By Jennifer Ding     10/6/11 7:00pm

Rice Cinema screened Mira Nair's Throne of Death on Wednesday night as a prelude to the upcoming Festival of Contemporary Films from India.

The actual festival will be hosted by the Chao Center for Asian Studies from Nov. 4-6 and features three different Indian languages with English subtitles. While all films are from India, they are not specifically about the country, festival organizer and post-doctorate Ratheesh Radhakrishnan said.

"The point is not to show India, but to show cinema," he said. "These films highlight the talent and range of Indian directors beyond well-known Bollywood and Arthouse cinema productions, and India is just the context."

Graduate student Samhita Sunya said that the directors were exploring filmmaking itself without a genre of set expectations.

Two of the directors Moinak Biswas and Shalini Usha Nair are attending the screenings of their own films and will be available for question and answer sessions afterwards. Biswas is the keynote speaker for the festival and will stay at Rice for a month as a scholar in residence.

The seven films come from diverse genres and time periods.
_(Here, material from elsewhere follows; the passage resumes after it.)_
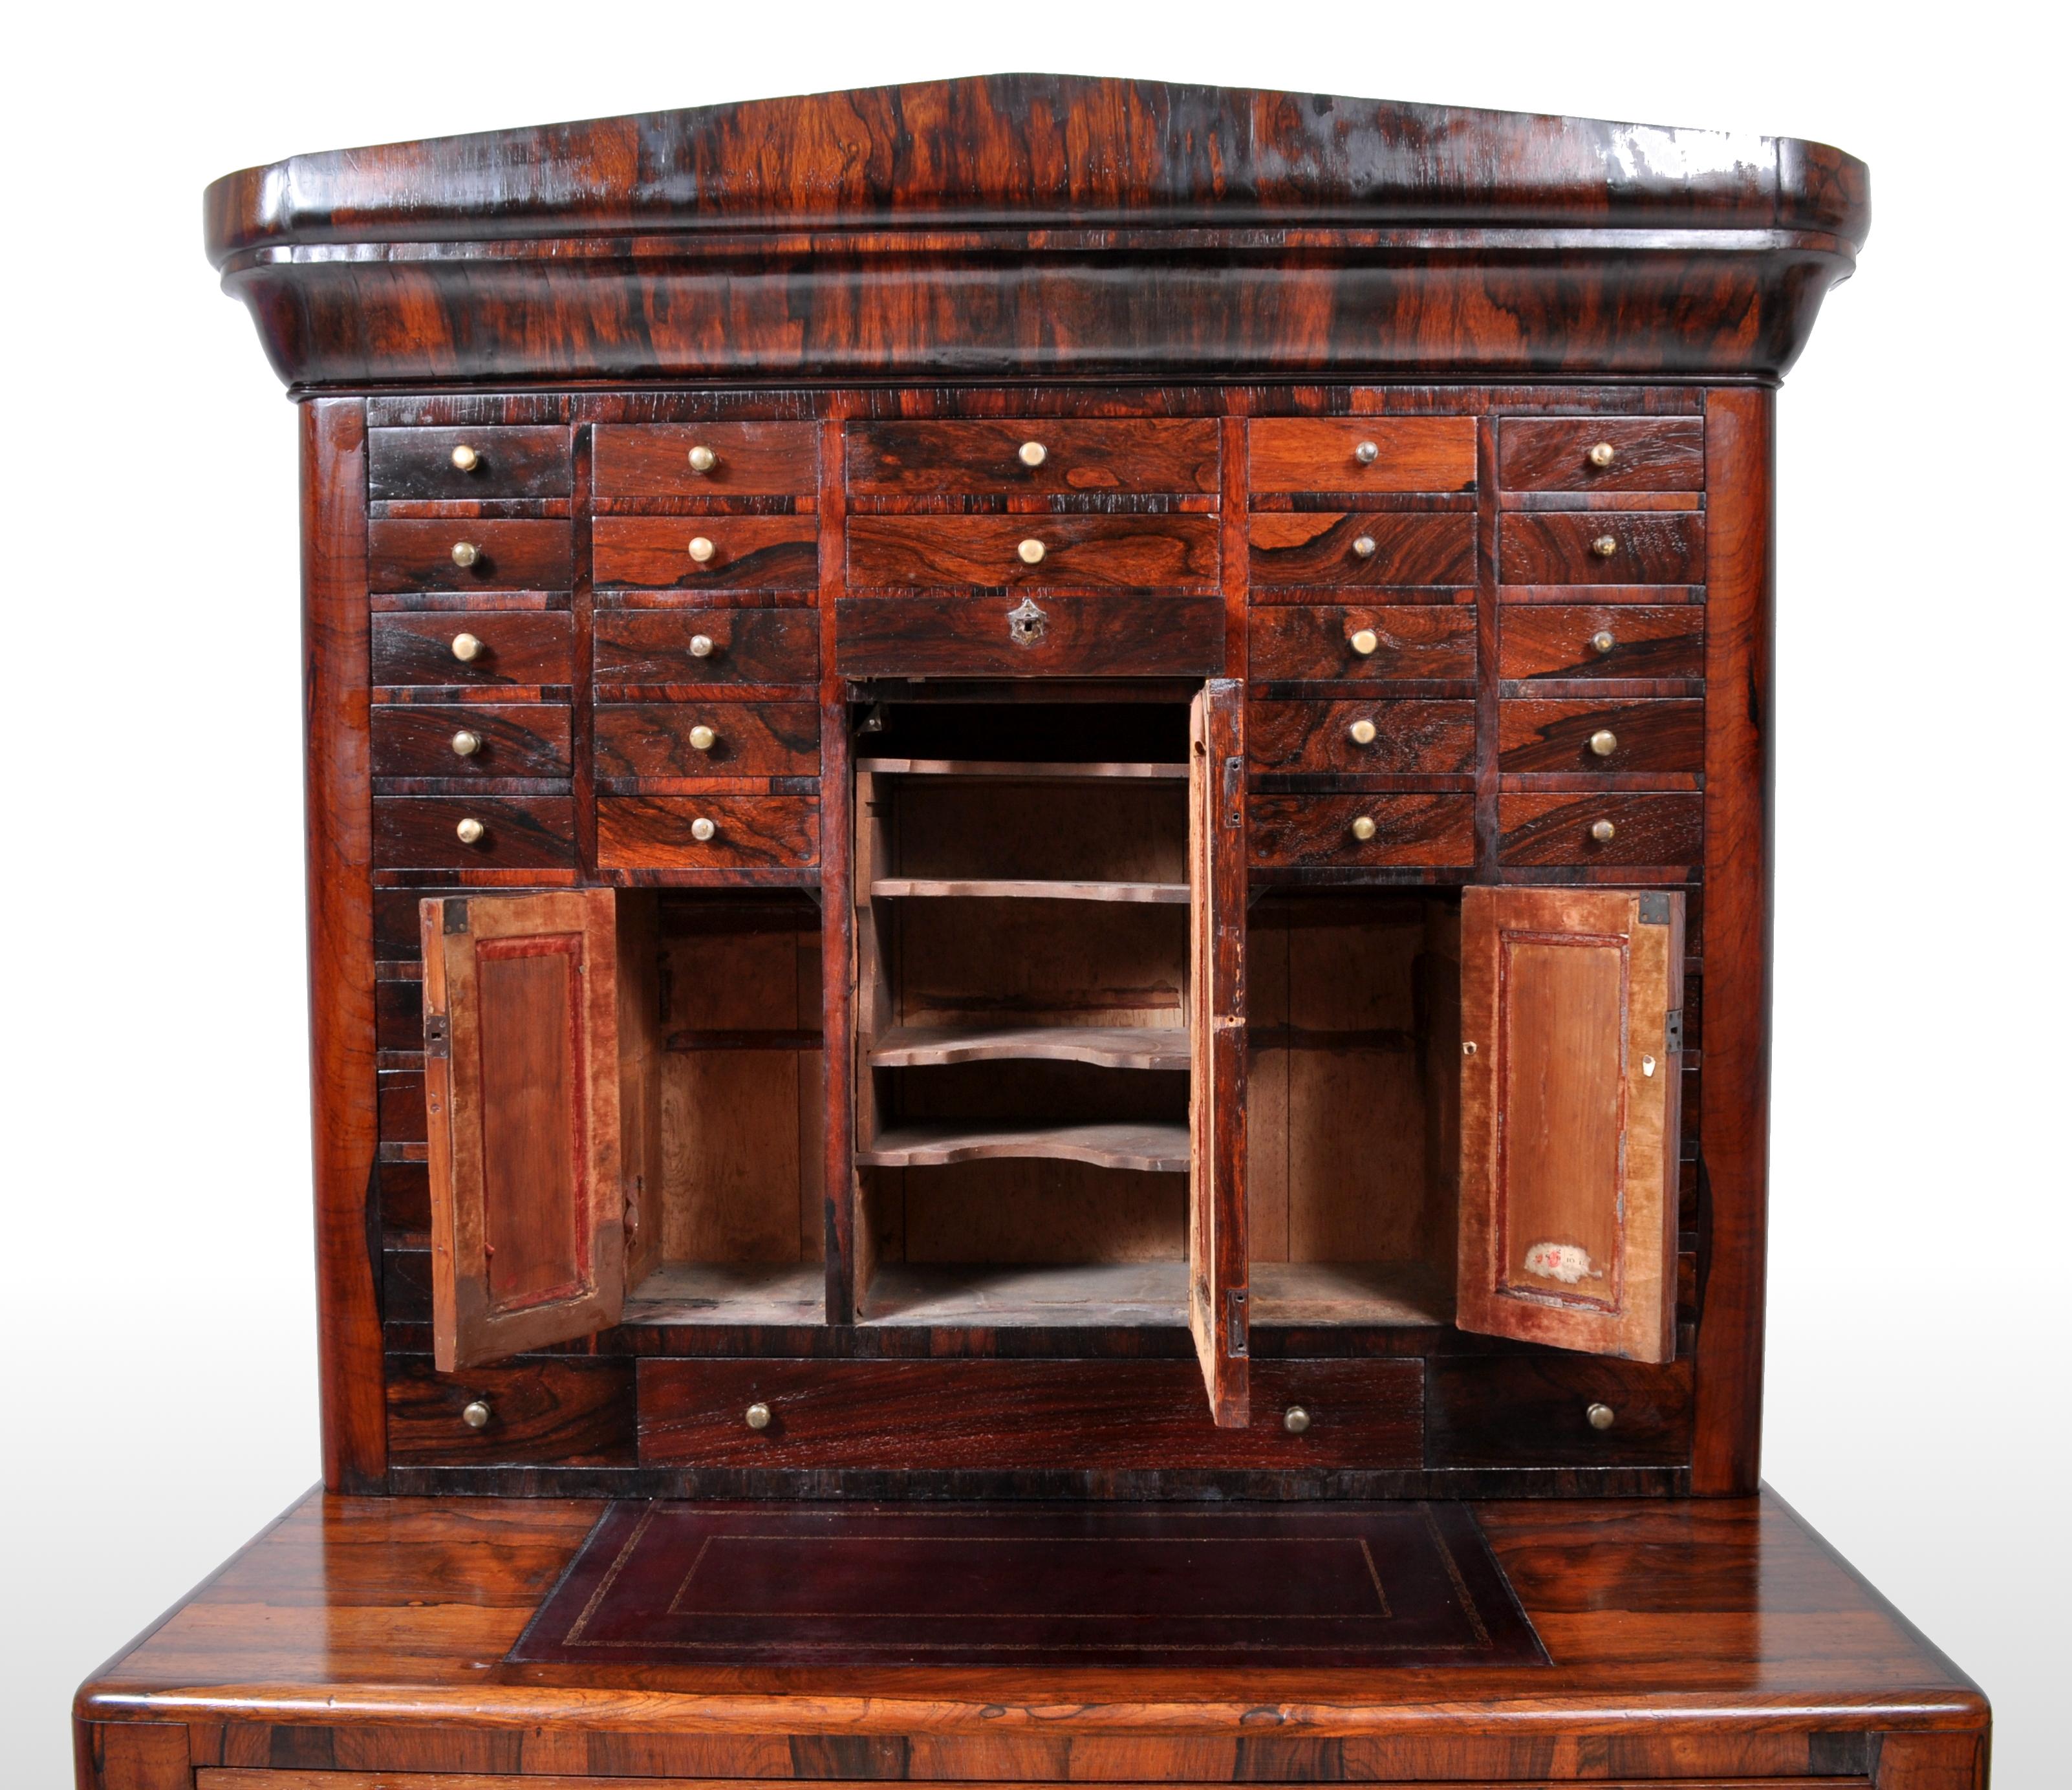 Antique American Empire Rosewood Dental / Medical Cabinet, circa 1820 For Sale 1
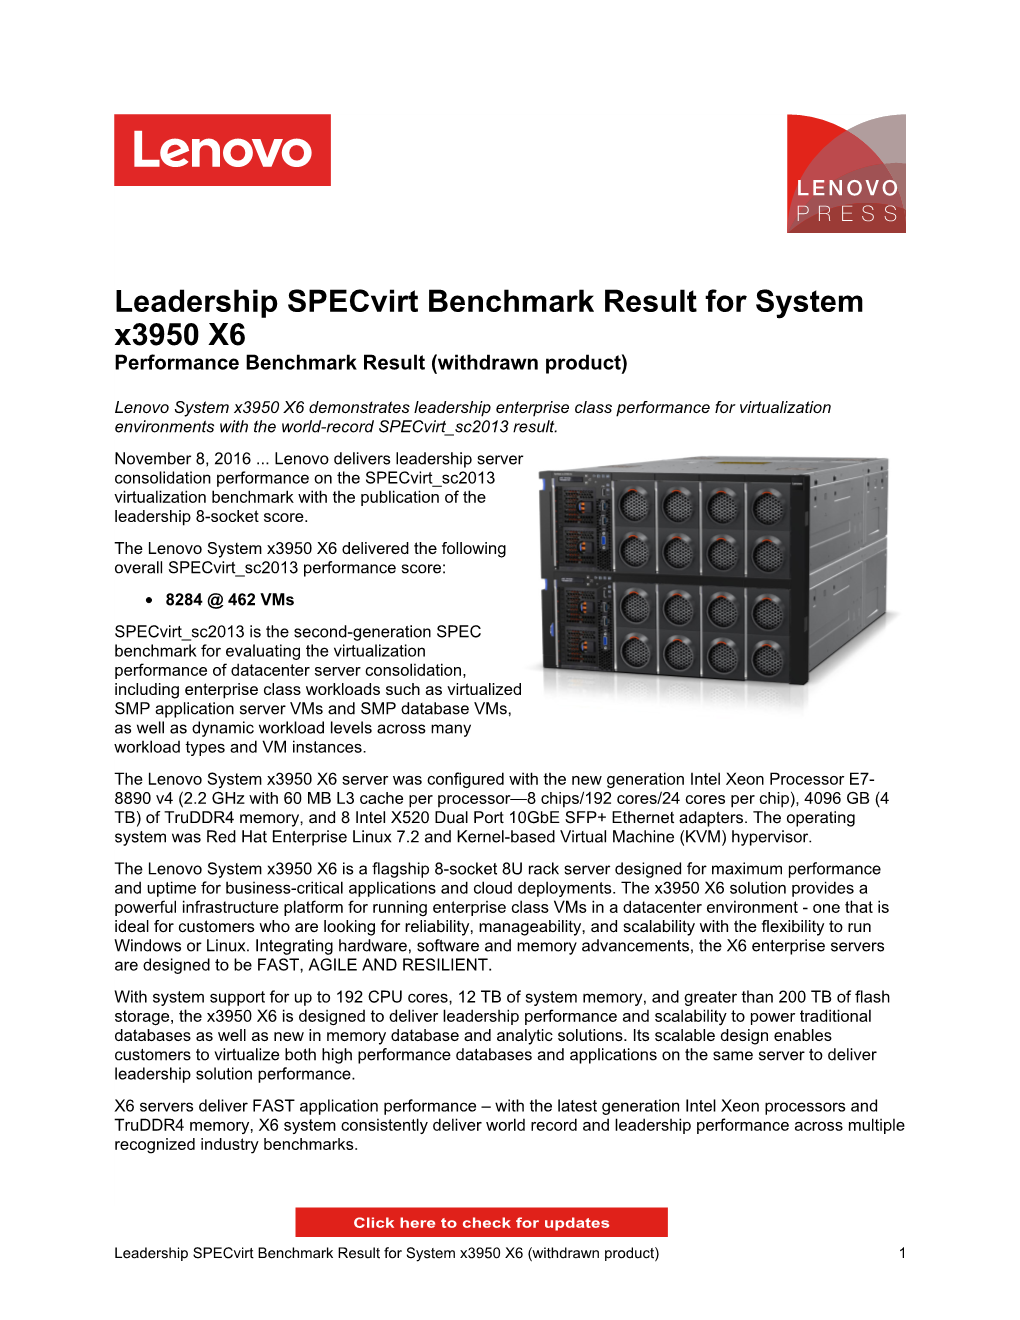 Leadership Specvirt Benchmark Result for System X3950 X6 Performance Benchmark Result (Withdrawn Product)

Radhakrishnan and Sunya describe them as an urban tale, dark comedy, folk tale, psychological drama, a child's film with a twist, and lastly, a combination of rap music video, pornography, and independent film.

This final description refers to director Q's film Asshole, a movie about expressing the angst of youth through rap. Asshole will not be released in India due to the level of profanity and sexual content it contains.

Within, by director Shalini Usha Nair, is another film that will be featured. It is about a man who starts to believe that his wife is a yakshi, a mythical female who seduces men, drinks their blood, and leaves nothing but their nails and hair.

All of the films will be screened at the Rice Cinema, which is located in the Rice Media Center.

"The festival will help "supplement the widespread knowledge of Bollywood," Sunya said. "These films show the many other possibilites that exist."